What if I Have Questions About my Emergency Room Bills?
After a visit to the ER, you will no doubt get a bill when you leave. However, you may not always be happy with the kind of bill you get. Just like any other service, it is possible that some mistakes will occur during the preparation of your bill. Thus, you should never be afraid to speak up. We at Bellaire ER will explain the ER billing process. We hope that it will help clear up some of the issues you may have. We will also give you a few tips on what to do in case you are unhappy with a bill.
How the billing process works at the ER
Each time you visit the ER, you are always given long forms, which you have to fill in with your health insurance details. The information will then be filed with a copy of the health insurance card. Most people usually leave the process at that; they have no idea what goes on after. In this article, we will try to demystify the billing process for you
What goes on after you provide the information?
After you fill in the information, a health insurance claim is filed with your insurer. A health insurance claim is a bill your insurer gets for medical services, which you received at the ER. The insurance company then agrees to pay this claim base on the services you got. In most cases, there is co-pay, which is a payment you will make from your own pocket. However, the insurer will usually cover the largest chunk of the bill.
Everyone is covered for the ER
If you have insurance, it always comes with insurance cover, no matter how basic your plan might be. In fact, if you live in Texas, the insurer has to cover you, no matter which ER you visit. When you are experiencing a medical emergency, the decision as to whether to visit the ER is up to you. Your insurer is legally required to pay for any out of network costs for your ER visit.
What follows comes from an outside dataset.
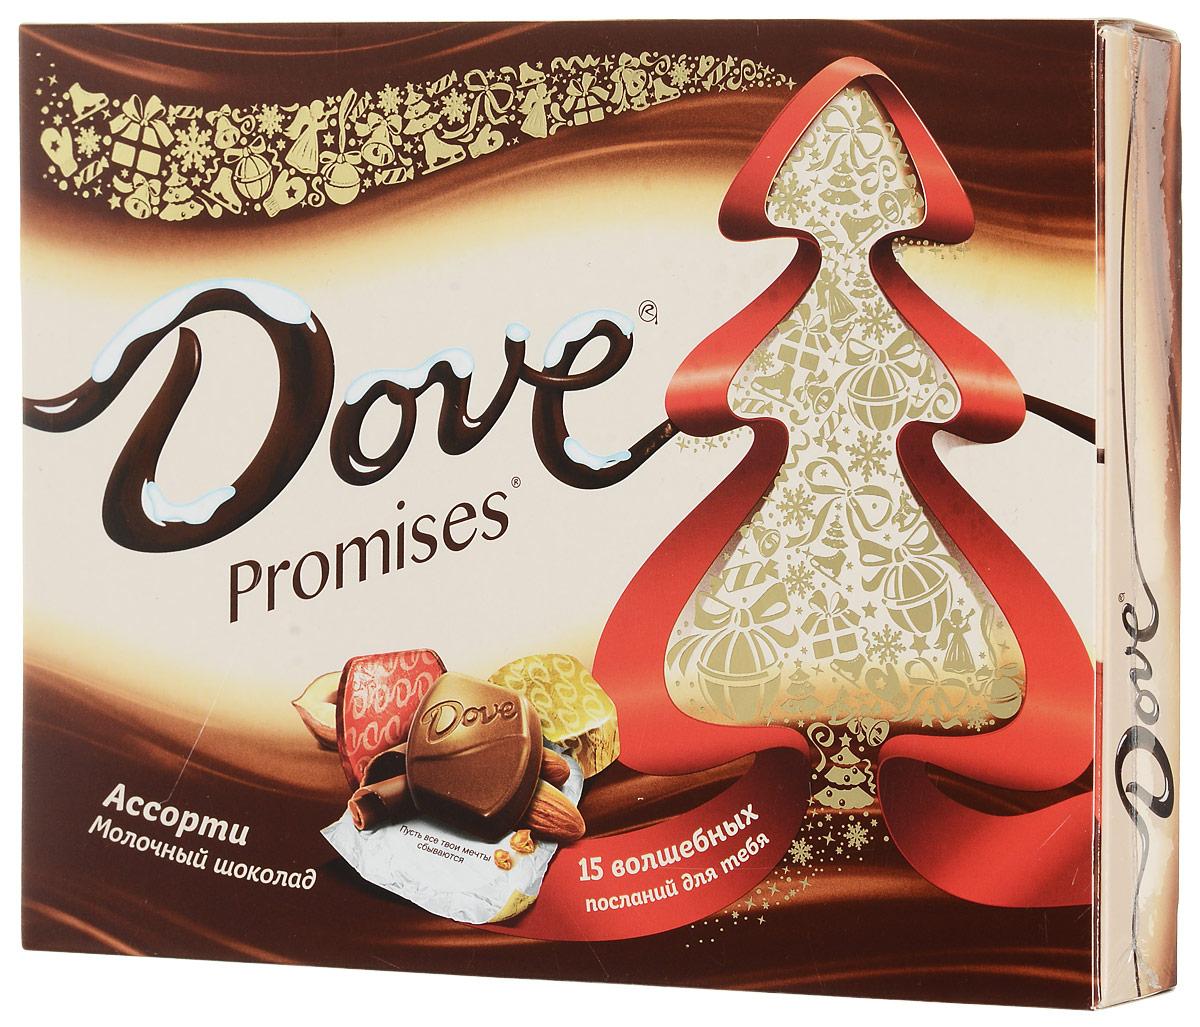 Dove Promises Ассорти молочный шоколад, 118 г браслеты револю браслет классика 12 лунный камень

When you are done filing the admission paperwork at the ER, you will be requested to pay the co-pay, which your policy establishes during your visit. You can then ask for the billing options from the billing clerk for the ER you visit. At some emergency rooms, they honor in-network billing even when they are not part of the insurer’s network. They know that these details can help to cut down the total claim made by the insurer.
The explanation of benefits is not bills
As soon as you leave the ER, the billing process kicks off. You will soon after get an explanation of benefits or EOB in your mail. This document will list the services, which you received when you were in the ER, and their individual costs.
However, you have to keep in mind that the EOB is not the bill. The ER uses it to generate a claim for your insurer. The insurance company will then determine what amount, they are obliged to pay. Any extra amount will be billed to you, which means you will have to pay out of pocket.
Why you may get separate bills from the ER
The emergency rooms that are attached to the hospital usually rely on the ER to treat ER patients. When you visit an ER, your insurance is going to be billed by the physician and facility. Besides that, each department that will treat you will bill you separately. Most departments are usually separate entities legally. It is only that they operate in the same building. Thus, they have to bill you separately.
However, if you visit a separate ER, it helps to eliminate the issues of multiple claims for the ER visit. Most of the emergency rooms that are standalone will bill your insurer for any services as part of your facility bill. The physician will still make a separate claim, which will lead to only two claims for the visit. By combining the billing, these standalone ERs help to speed up the processing of a claim.
How to deal with surprise bills
After you visit the ER for what seemed like a minor issue to you, you might receive a bill of thousands of dollars, which you are supposed to pay. However, you do not have to pay it and suffer in silence.
The first step you have to take is to check the bill. It is estimated that over 80 percent of all ER bills come with some errors. This can be worse if you visit an ER, which is usually very busy. The other step you can take is to make a complaint. In some cases, your insurer will determine that some of the services you received are not covered. However, if you make a complaint, a huge chunk of these complaints usually succeed.